Lastly, I’ve been struck lately by the evidence to suggest that a single instrument, in the form of access to finance or business training, can be effective on its own. What struggling business women may need is a more customized package of support, that focuses less on a single bullet solution, and more on creating an ecosystem that allows businesses with growth potential to push the productivity frontier. For example, access to networks and mentoring are in high demand by women, and may be an important key to unlocking growth potential
Instead of big interventions that cover whole countries based on mental logic models, we need projects that are able to constantly learn and adapt to their complex environment. Starting with small safe-to-fail interventions and open sensors for emerging patterns, we can recognize early on if a project actually helps women or makes their situation actually worse.
Talking about women as a specific target group of development initiatives brings me to another blog post I read. Shawn Cunningham has it spot on when he writes about our misguided focus on small enterprises when working in economic development. Also one of these off-the-world logics that might work in some settings but cannot be seen as the silver bullet. And to make the link to the gender, it’s not only small enterprises, but specific target groups in general that we have to be wary about. We need to be more aware of the fact that optimizing some function for a specific actor in the system, such as ‘small enterprises’ or ‘women,’ is not always optimal for the whole system and vice versa. In development, we are often obsessed with optimizing return for our target group, forgetting that this might not lead to sustainable improvements in the overall system.
On another blog of the World Bank, Duncan Green (who normally writes the ‘from poverty to power’ blog at Oxfam: fp2p blog) discusses the findings of the five year Africa Power and Politics Programme (APPP). Not many nasty comments from my side here, just that Duncan’s conclusions do make sense from a complexity perspective.

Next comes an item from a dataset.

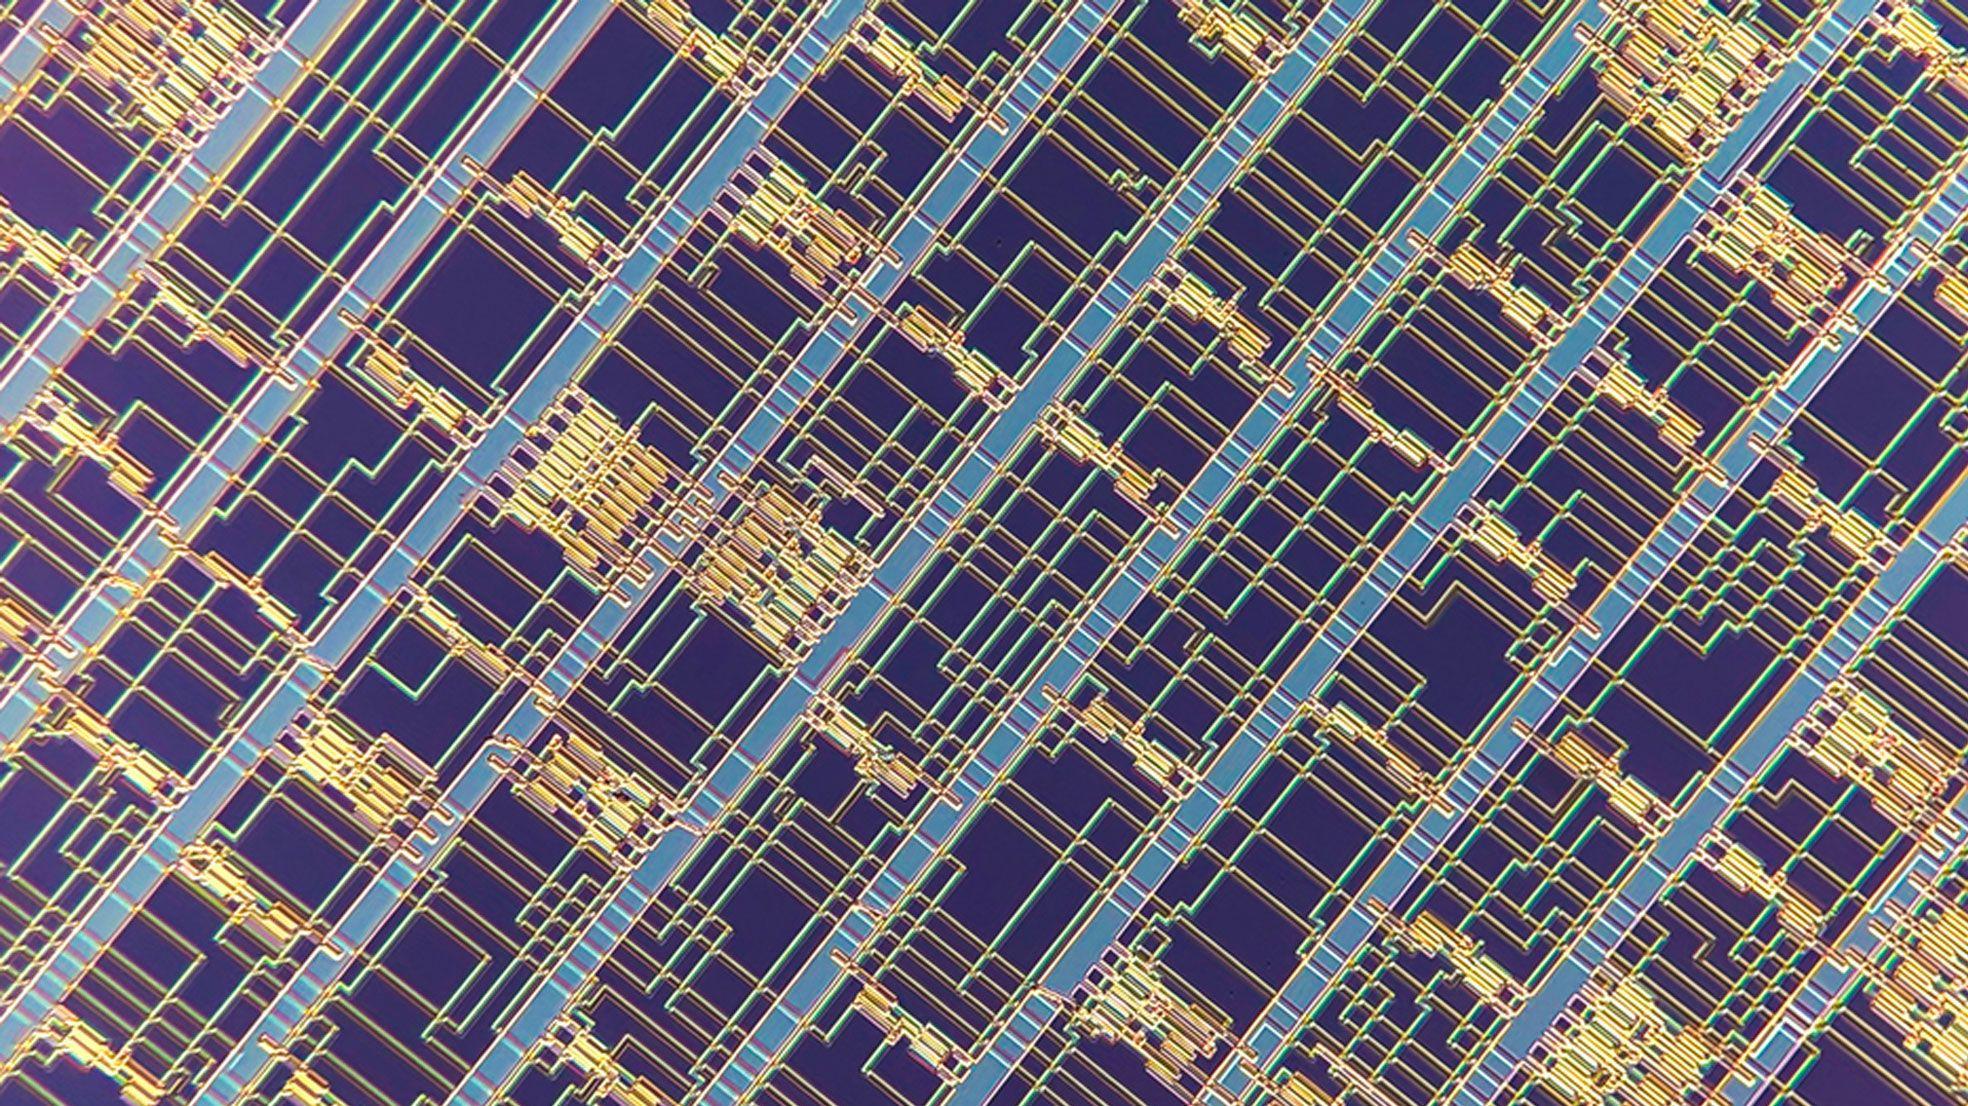 ナノチューブ・チップ実用化へ、MITが16ビットプロセッサー開発

This seems to be heading towards some kind of ‘participatory institutional appraisal’ approach, where development actors specialize in convening discussions of local players to get over these logjams in ways that reflect and adapt local traditions and values. This runs up against the way aid agencies currently work: high staff turnover, massive pressure to dole out funds in large amounts, demands to show ‘value for money’ via an increasingly demanding and imposed system of governance, monitoring, evaluation etc etc.
Hey Marcus, interesting piece. Quick question: do you think we need to trust innate human logic more i.e. put more tust back into business and decentralise things? Or create better, more accurate ways of communicating cause and effect
Hi Alesh, thanks for your comment. I think that decentralization has the big advantage that solutions can be developed by the people that feel the problem most. Problems should always be solved at the lowest possible level. Only when a higher level is needed to find a coordinated solution, than this level should be opened. Solutions for climate change need to be developed at a global level, because they need our combined effort. But child care can be solved at a much lover level.
To put trust into business has always been a trajectory for the private sector development people. Sometimes they even go too far by assuming that everyone is an entrepreneur and can run a successful business.
I am currently exploring some literature about causality in complex system, which is extremely interesting but at the same time really challenging as in order to understand it, I really need to tweak my mind and abandon traditional mechanistic, i.e. Newtonian models. I hope to blog on it sometime, but it will still take me some time to figure it out.